Ensemble Survival Analysis for Preclinical Cognitive Decline Prediction in Alzheimer's Disease Using Longitudinal Biomarkers
- URL: http://arxiv.org/abs/2503.16645v1
- Date: Thu, 20 Mar 2025 18:56:32 GMT
- Title: Ensemble Survival Analysis for Preclinical Cognitive Decline Prediction in Alzheimer's Disease Using Longitudinal Biomarkers
- Authors: Dhrubajyoti Ghosh, Samhita Pal, Michael Lutz, Sheng Luo,
- Abstract summary: Traditional survival models fail to capture complex longitudinal biomarker patterns associated with disease progression.<n>We propose an ensemble survival analysis framework integrating multiple survival models to improve early prediction of clinical progression.<n>One follow-up visit after baseline significantly improved prediction accuracy (48.1% C-index, 48.2% AUC gains)

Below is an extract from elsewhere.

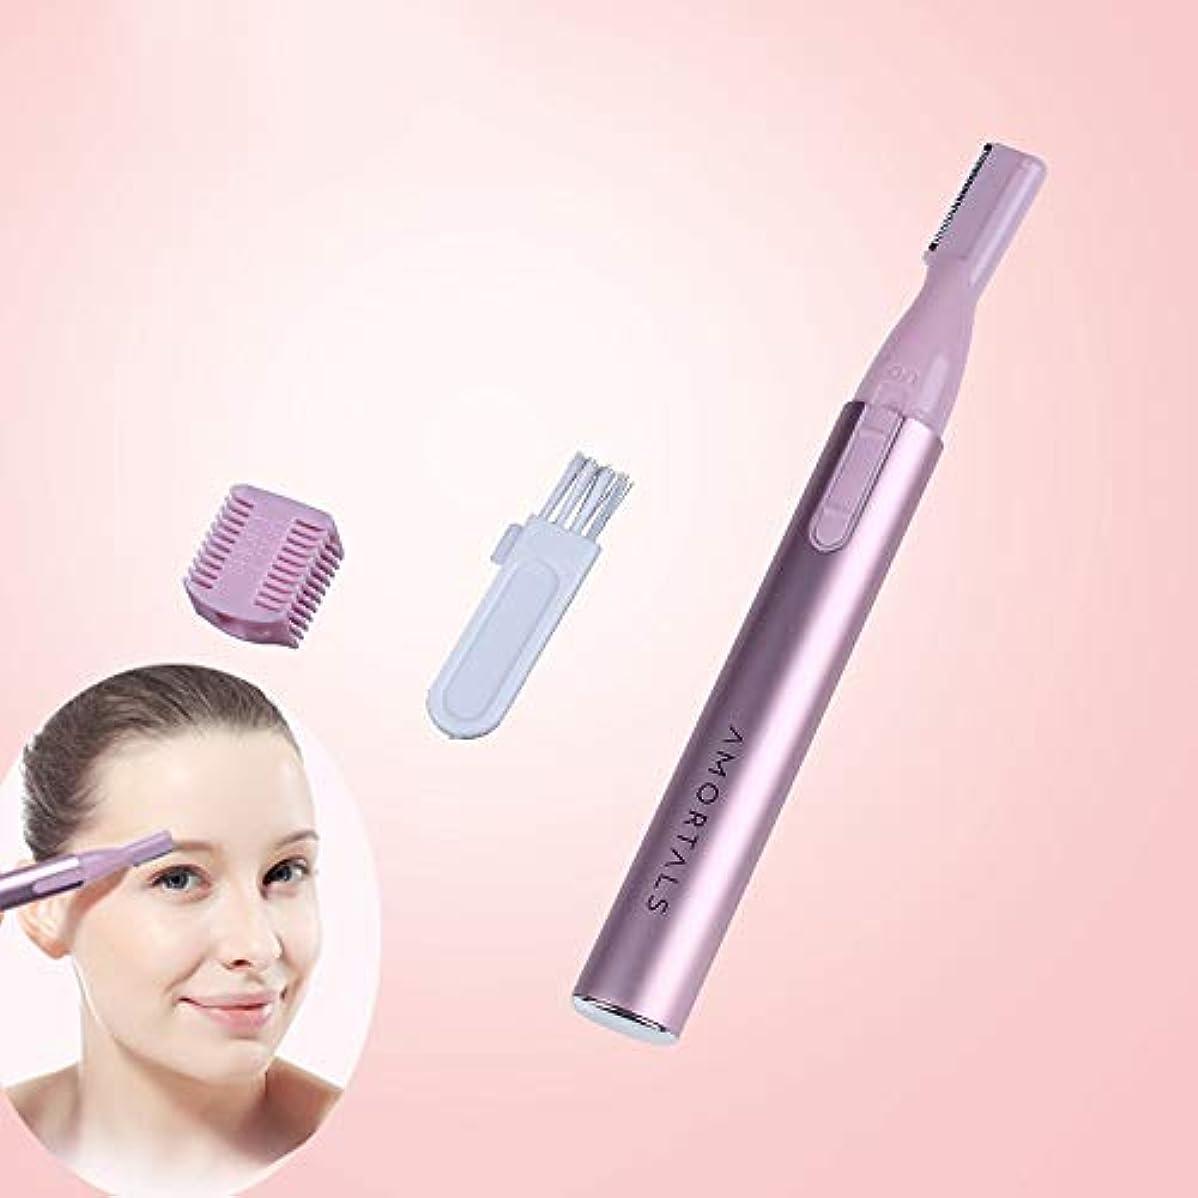 これらクロニクル放射性脇の下/足/体/髪の女性の顔のトリマーのための携帯用電動眉毛トリマー、(電池式) (Color : Pink)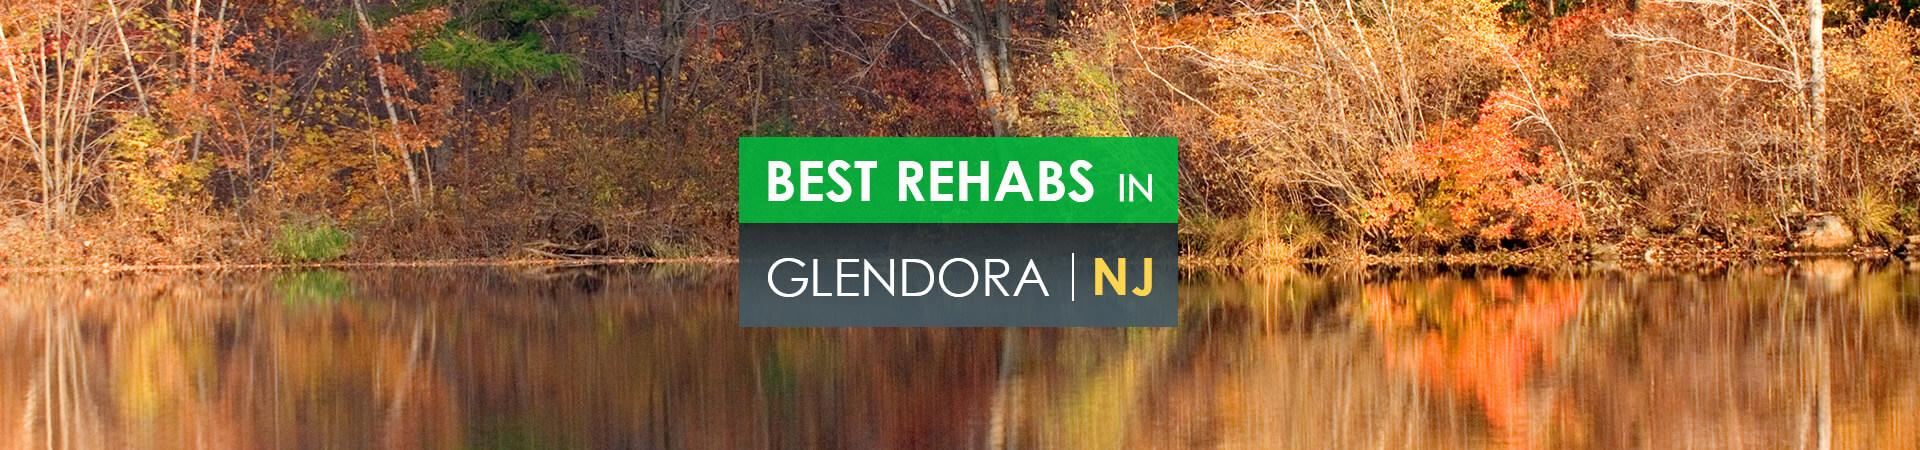 Best rehabs in Glendora, NJ

- Score: 0.9509915687694127
- License: http://creativecommons.org/licenses/by-nc-nd/4.0/
- Abstract: Predicting the risk of clinical progression from cognitively normal (CN) status to mild cognitive impairment (MCI) or Alzheimer's disease (AD) is critical for early intervention in Alzheimer's disease (AD). Traditional survival models often fail to capture complex longitudinal biomarker patterns associated with disease progression. We propose an ensemble survival analysis framework integrating multiple survival models to improve early prediction of clinical progression in initially cognitively normal individuals. We analyzed longitudinal biomarker data from the Alzheimer's Disease Neuroimaging Initiative (ADNI) cohort, including 721 participants, limiting analysis to up to three visits (baseline, 6-month follow-up, 12-month follow-up). Of these, 142 (19.7%) experienced clinical progression to MCI or AD. Our approach combined penalized Cox regression (LASSO, Elastic Net) with advanced survival models (Random Survival Forest, DeepSurv, XGBoost). Model predictions were aggregated using ensemble averaging and Bayesian Model Averaging (BMA). Predictive performance was assessed using Harrell's concordance index (C-index) and time-dependent area under the curve (AUC). The ensemble model achieved a peak C-index of 0.907 and an integrated time-dependent AUC of 0.904, outperforming baseline-only models (C-index 0.608). One follow-up visit after baseline significantly improved prediction accuracy (48.1% C-index, 48.2% AUC gains), while adding a second follow-up provided only marginal gains (2.1% C-index, 2.7% AUC). Our ensemble survival framework effectively integrates diverse survival models and aggregation techniques to enhance early prediction of preclinical AD progression. These findings highlight the importance of leveraging longitudinal biomarker data, particularly one follow-up visit, for accurate risk stratification and personalized intervention strategies.